Facebook accusé de manipuler le bouton "J'aime"

Facebook est de nouveau en justice et cette fois le géant communautaire est accusé d'avoir manipulé les boutons "j'aime" pour générer de la publicité.

Facebook like
La semaine dernière, Facebook annonçait vouloir mettre fin aux mises à jour sponsorisées publiées sur son site. Pour mémoire, celles-ci visaient à exploiter les activités du bouton "J'aime" d'un internaute afin de les transformer en publicités auprès de ses contacts, notamment lorsqu'il s'agissait de mettre en avant la page d'une société partenaire.

Avant la clôture de ce mécanisme, Facebook devra cependant faire face à une nouvelle plainte ou plutôt un recours collectif déposé par plusieurs avocats pour un utilisateur de Facebook nommé Anthony Ditirro et résidant dans l'état du Colorado. Ce dernier explique qu'au mois de novembre, Facebook aurait faussement indiqué qu'il aurait « aimé » la page officielle du quotidien USA Today, une activité qui se serait par la suite traduit en publicité et présentée à l'un de ses amis.

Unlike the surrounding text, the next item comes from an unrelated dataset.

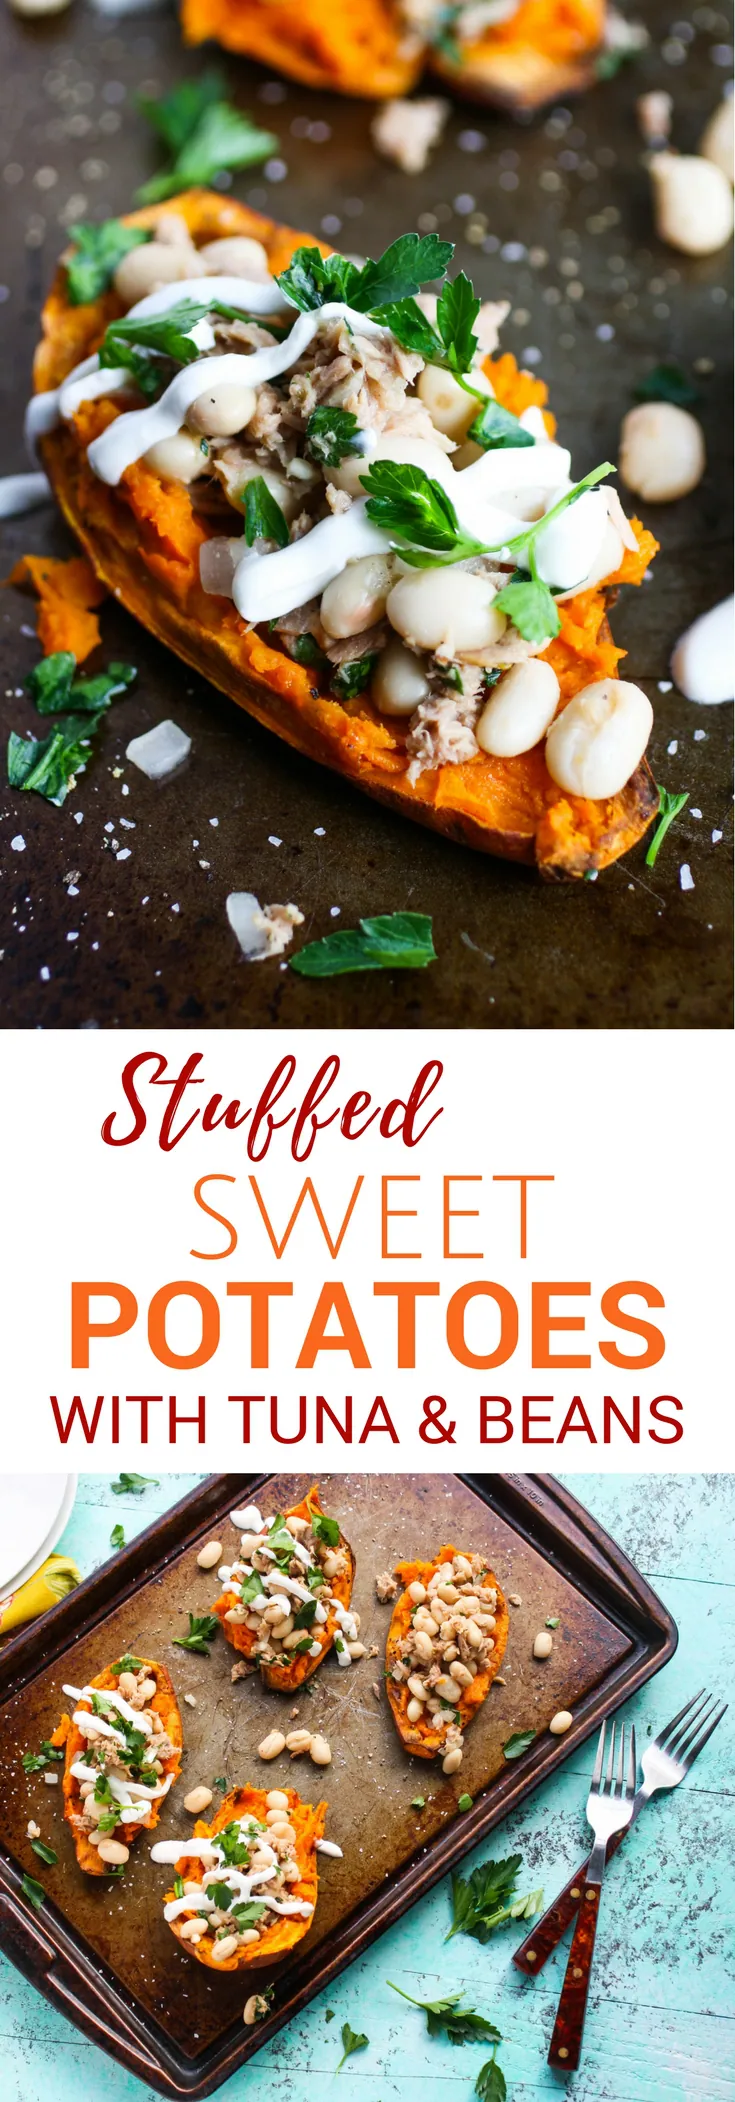 Stuffed Sweet Potatoes with Tuna and Beans are so tasty! You'll devour these stuffed sweet potatoes -- they're easy to make and so tasty, too!

« Bien que le plaignant n'a rien contre le journal USA Today, il n'est toutefois pas un lecteur du quotidien et ne l'a pas promu », est-il ainsi expliqué dans cette plainte rapportée par nos confrères américains de Cnet US. Le document précise que M.Ditirro n'a aucunement visité la page de Facebook en question et ne s'est pas rendu sur le site officiel de USA Today.

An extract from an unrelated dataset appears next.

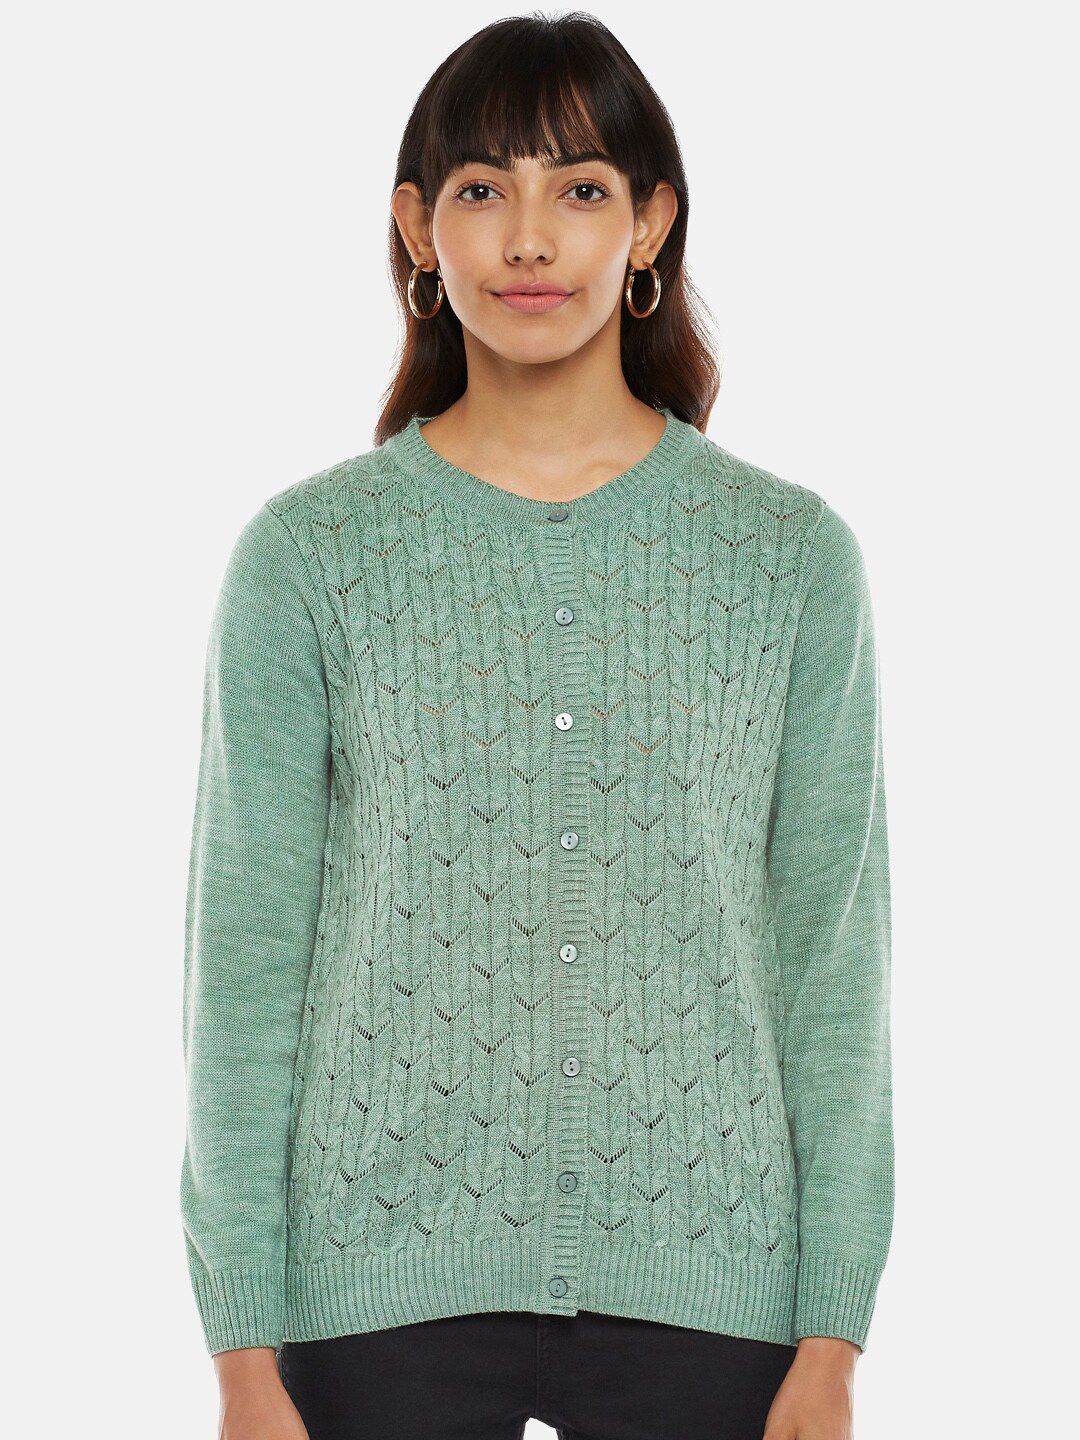 Honey by Pantaloons Women Green round neck  Cardigan sweater Price in India

Le plaignant explique que Facebook a violé plusieurs lois en vigueur en Californie et estime que chaque membre de ce recours collectif devrait recevoir 750 dollars de dommages et intérêts. De son côté le géant communautaire affirme que cette plainte est invalide.

En début de mois, Facebook avait été accusé de scanner les messages privés des internautes afin de leur retourner de la publicité davantage ciblée.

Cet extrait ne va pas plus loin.